Tim Hardin was always very generous with his drugs. Shortly before he died 1980, in a fine example of his ability to varnish the truth to a high gloss, he told a reporter that his management team had stolen 22 million dollars from him during his fast and furious flirtation with fame, circa 1965-1970. The truth was, that the amount he had earned was probably far less than this, and in all likelihood most of the money didn't go into the pockets of his management but into the lungs and veins of himself and various friends and hangers-on.
***
Tim Hardin was born in Eugene, Oregon on December 3, the same year as me, 1941. When asked about his family, of his father, Hal, he said, "He was a fool," and let it go at that. His mother Molly, was musically literate and had pursued a career in classical music at one time. His father was also musically inclined, but mostly worked at the lumber mill owned by Molly's family. Tim once boasted that he himself had taught musicology at Harvard. Well, ummm. Not bad for someone with just a high school diploma. No doubt about it, Tim marched to his own inner autobiographer.

Perhaps the most well known of Tim's embellishments on factuality, was the one about how he was descended from John Wesley Hardin, the wild west "friend to the poor," celebrated in Bob Dylan's song of nearly the same name, "John Wesley Harding" In fact, Tim was no more related to Robin Hood figure Hardin than the man in the moon.

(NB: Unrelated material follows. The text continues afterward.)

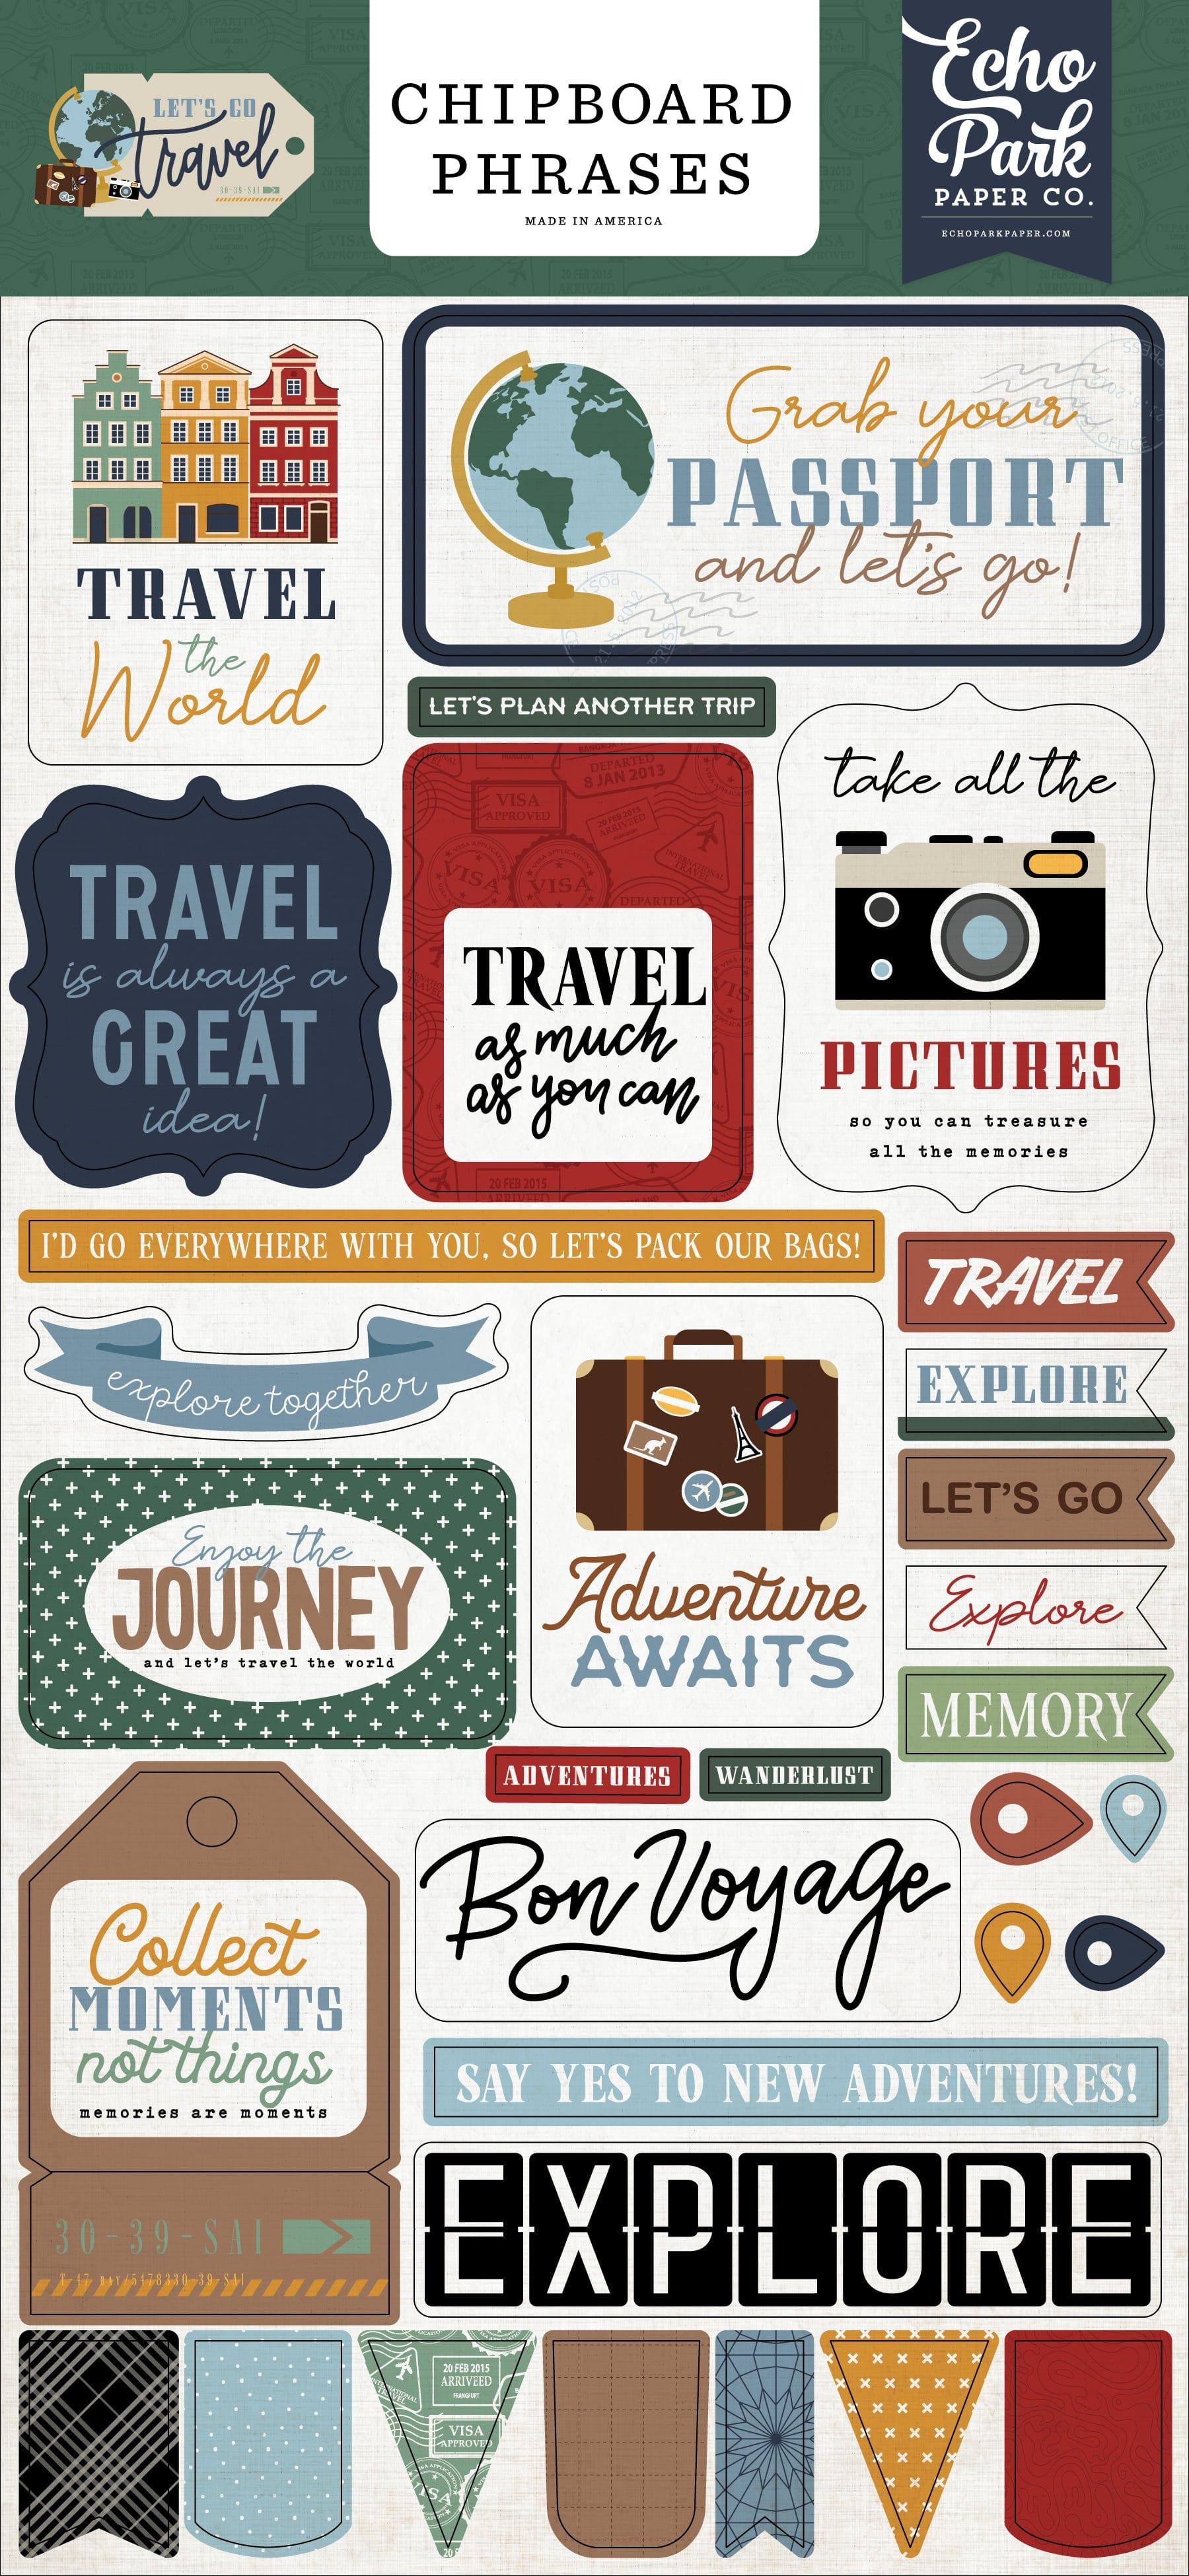 Let's Go Travel Collection 6 x 12 Scrapbook Chipboard Phrases by Echo Park Paper

He oft-averred that he was a "better singer than Ray Charles," and that Brother Ray himself had told him so. More mythomania? Tim once asked me, before he had even gone into a recording studio for the first time, who I thought was a good jazz singer. "Mel Torme," I rather unimaginatively replied, at which point Tim became positively apoplectic; "Mel Torme is not a jazz singer, I am a jazz singer." No question about it, for whatever reason, Tim HATED being called a "folk singer." Blues singer. . .maybe. Today he is still stocked in CD bins as a "folk" artist. In keeping with Tim's wishes, I prefer to remember him as a jazz artist. A perusal of the credits on nearly all of his albums, consisting of a great number of solid jazz musicians ---Joe Zawinul, Warren Bernhardt, Mike Manieri, Gary Burton et al---would lead one to the conclusion that if Tim's albums weren't the real thing, they were as they saying goes, Close Enough for Jazz.

3 comments:

Anonymous said...

I met Tim in 1969, backstage in his dressing room after a one night gig in a bar. His performance, on piano and guitar with just a drummer backing him up, was very powerful. When I went backstage, I found him alone with his face completely buried in his hands. He jolted up and welcomed me, and was very pleased to hear some compliments. The next day I was walking through town, and Tim came running up to me. He said he had spotted me and ran a few blocks to catch up to me. He said he really liked my hat (he wore one like it on his next album). I thought it was strange that a big star like Tim seemed so desperate for some contact that he ran blocks to catch up to a young (18)guy like me. Several years later, I received a strange letter from Tim, scrawled around the margins of pages torn from a Motor Trend magazine on an airplane. He had met a friend of mine in the airport who told him about my encounter with him, and Tim remembered it and got my address from her and wrote me the letter on whatever was available. Tim was a genius as a singer and songwriter. He considered himself a jazz musician more than a folk singer.

A very nice post, Bill.

Kevin

Anonymous said...

P.S. You got the song titles reversed. Dylan's song was John Wesley Harding, not Hardin. Dylan added the G to the real character's name Hardin, because he thought it worked better in the singing.

Unknown said...

Tim's music eclipses all else said about him. I lived in Woodstock last decade and Tim is still listened to and thought of very highly as a tortured but wonderful artist. In a way he was the Van Gogh of transcendant music around Woodstock and the NY city area back then.